Gemäss Regierungsratsbeschluss 1230/2020 vom 9. Dezember 2020.

Das Bundesamt für Kultur stellt sich gegen das sogenannte Zürcher Modell für eine unbürokratische Existenzsicherung für Kulturschaffende. Das Gutachten von Straatsrechtler Prof. Felix Uhlmann von der Universtität Zürich kommt zum Schluss, dass die Umsetzung des Zürcher Modells durchaus den Vorgaben des Parlamentes entspricht. Es ist nun an der Politik, über das konkrete Vorgehen zu entscheiden.

Aufgrund dieser politischen Auseinandersetzung kann die Fachstelle Kultur zurzeit keine Gesuche entgegennehmen. Vorgesehen ist, das Gesuchsportal Anfang März zu öffnen.
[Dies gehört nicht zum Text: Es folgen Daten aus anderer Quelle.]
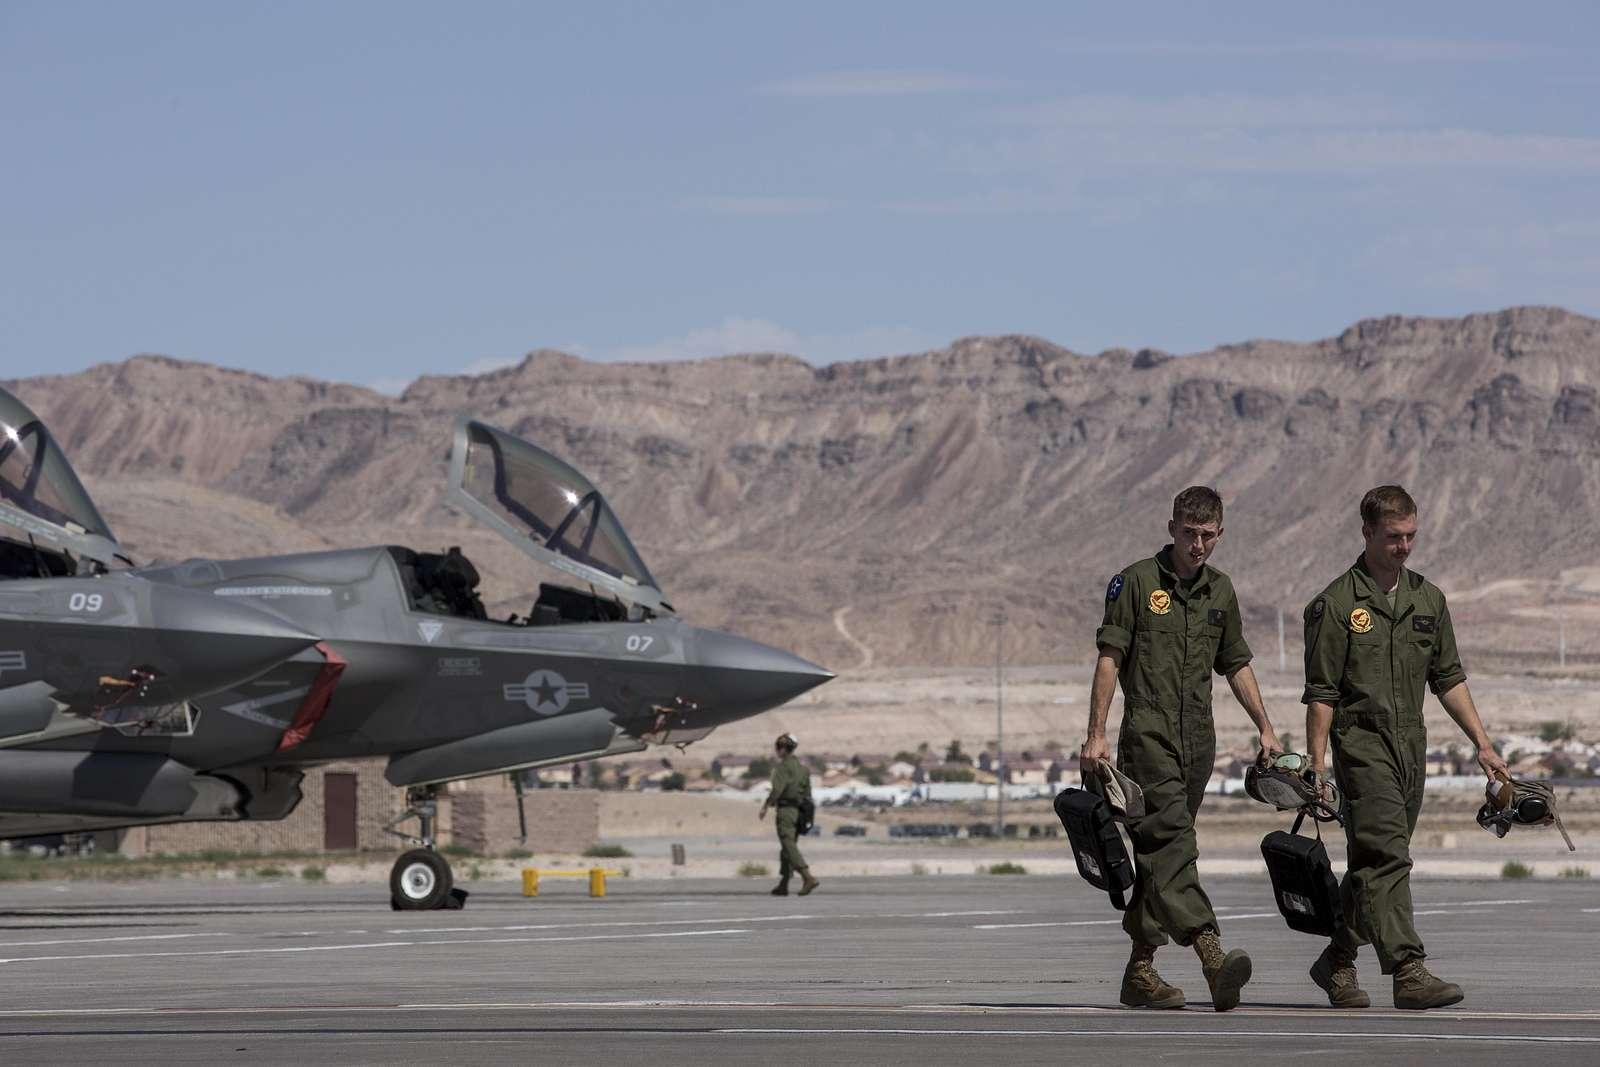 Lockheed Martin F-35B Lightning IIs at Nellis Air Force Base, Nev.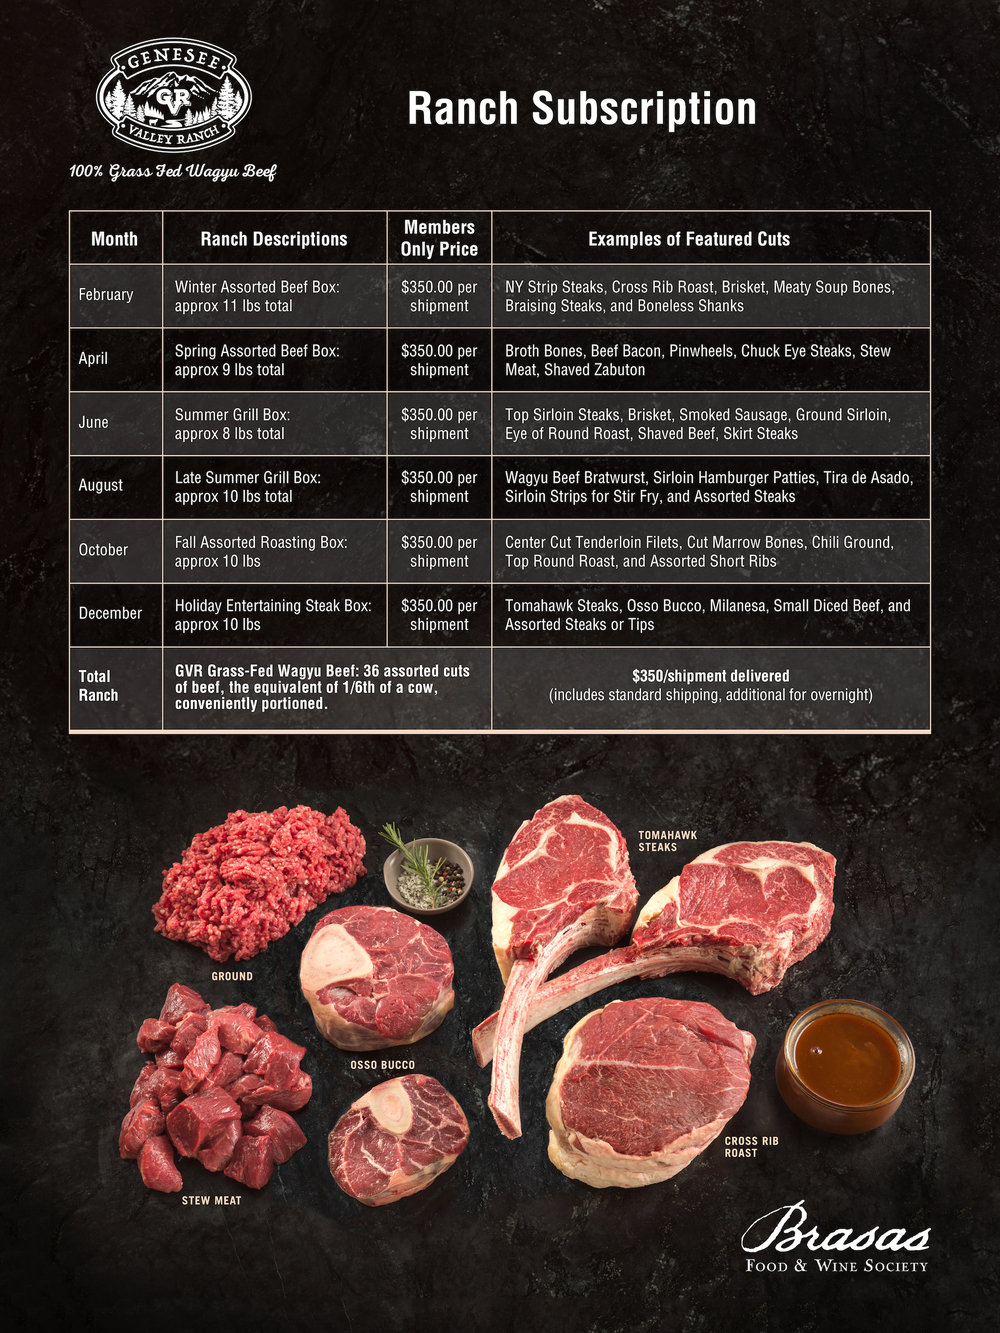 92-meatcuts.jpg

Pauschalisierte Ausfallentschädigung
Diese Art der Schadensberechnung, die sich an der Grundhaltung des «Zürcher Modell» orientiert, konnte nur während der ersten Schadensperiode (1. November 2020 bis 31. Januar 2021) umgesetzt werden.
Berechnungsweise: Im Sinne einer Ausfallentschädigung können Kulturschaffende, die einen coronabedingten Ertragsausfall erlitten haben, jedoch keine abgesagten oder verschobenen Veranstaltungen geltend machen können, eine pauschalisierte Ausfallentschädigung beantragen. Die Berechnung geht von einem monatlichen Betrag von CHF 4'800 aus, davon abgezogen werden die Corona-Finanzhilfen (Erwerbsersatzentschädigung, Nothilfe Suisseculture usw.), Sozialleistungen, die Einnahmen aus selbständiger Erwerbstätigkeit sowie die Einkünfte aus unselbständiger Tätigkeit, soweit diese Einkünfte CHF 1'000 übersteigen. Pro Schadenszeitrum und Gesuchsteller*in kann ein Ausfall von max. CHF 9'000 geltend gemacht werden.